2) What can I do when migrating the site to Drupal 7, which will enable it to make better use of the Mercury stack?
- I assumed that having 200,000 real estate listings as nodes or in CCK would be a bad idea so I don't want to go that route.

3) I'm new to Cloud Computing, so I'm a bit confused with how it all works. Would the mercury stack enable a site to scale out to multiple servers/databases, rather than just increasing the RAM/CPU, etc on a single server?
- I was of the understanding that with EC2, when the site gets busier, you can scale it out to multiple server instances automatically, but I can't imagine how that would work. Does Mercury actually do something like that, or at least help with multiple MySQL instances (Master/Slave, etc)?

Thanks for any input you can provide!

Comments

I'm by no means an expert on

justintime's picture

I'm by no means an expert on all this, but here's what I do know:

1) If you're not using APC, then you'll get a big benefit from that. If you have a lot of anonymous traffic, then Varnish will really help you. Depending on if you're using Drupal's Form API, Views, Menu system, etc, then the memcache integration should help.
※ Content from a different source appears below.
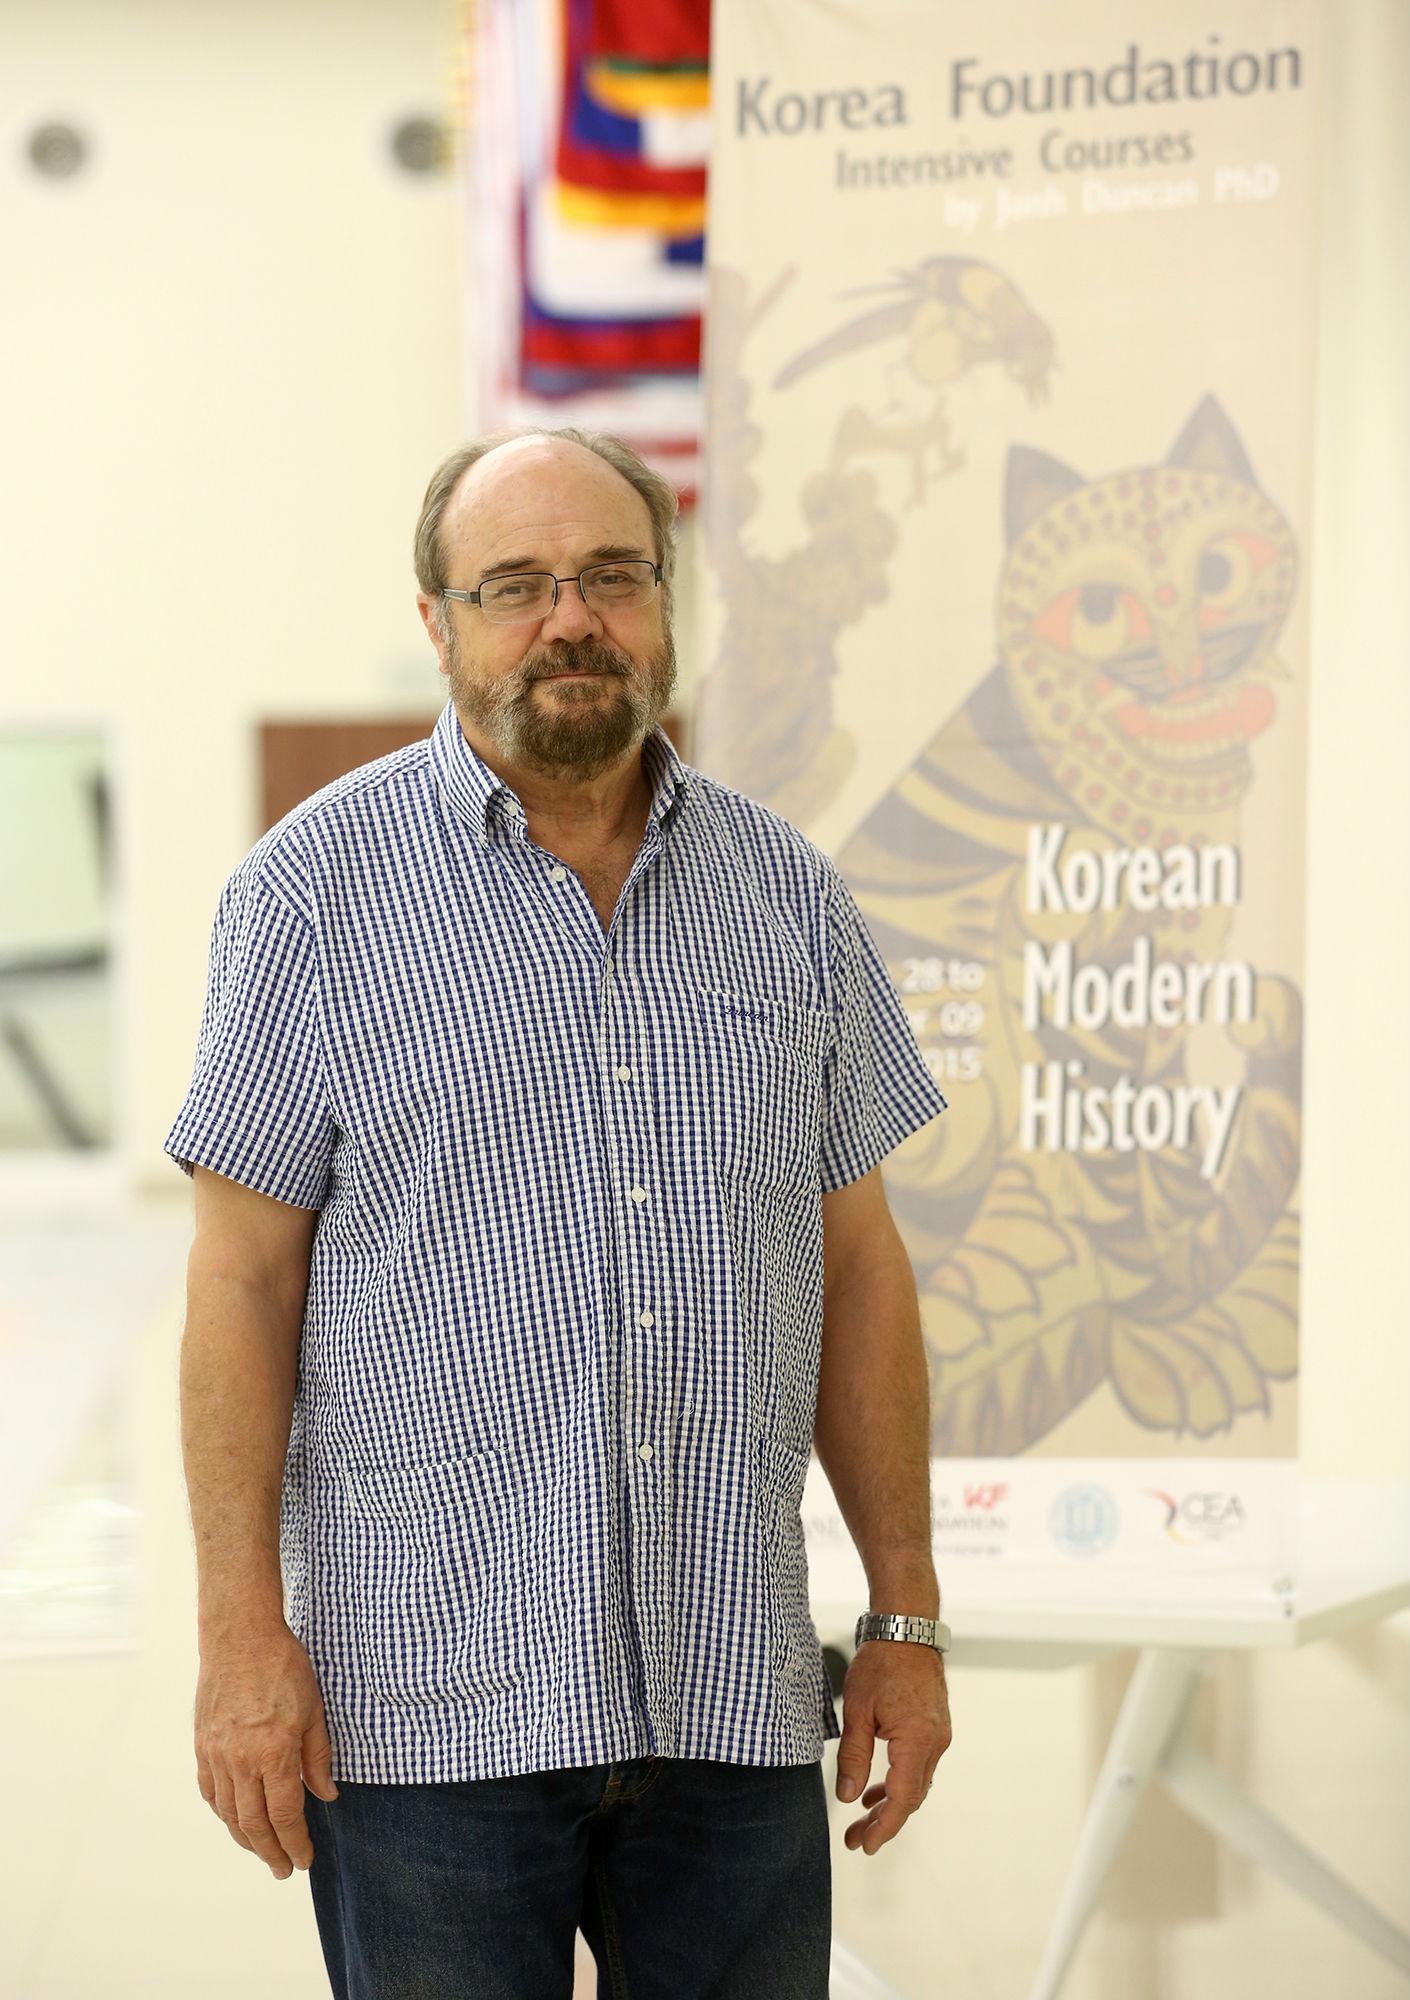 Korean Modern History

2) Do everything you can the "Drupal way", and then you get to take advantage of all the different modules out there. If you hack things on your own, no module is guaranteed to not break your site, let alone add features to it. 200,000 nodes isn't that much - it's certainly large but there are much larger out there. There was a presentation on integrating MongoDB and Drupal 7 at DrupalCon last week - it would serve you well to check it out: http://www.archive.org/details/Mongodb-HumongousDrupal

3) Mercury gives you a all-on-one-box approach, but as you grow, it's really easy to separate out the chunks onto multiple servers. First, move MySQL to it's own server. If you outgrow that, move Varnish to it's own server. Next up is Memcached. My personal experience in MySQL clustering is one of futility, so I can't give many tips there. If you use the Tomcat+Solr integration, move that off to it's own instance. Separating all that will get you a lot of performance.

Honestly, you're so far off the beaten path, it's hard to tell how well everything would work for you. If you're having performance issues now, I'd look at enabling APC first if it isn't already. After that, look at setting up Varnish as a reverse proxy. That should buy you enough breathing room to start looking at how to rearchitect things the "Drupal way". Once you're there, then Mercury will most certainly help you get blazing performance, but it's all guessing until then.

HTH,

Justin

Thanks Justin, that really

cpc's picture

Thanks Justin, that really does clear some things up for me!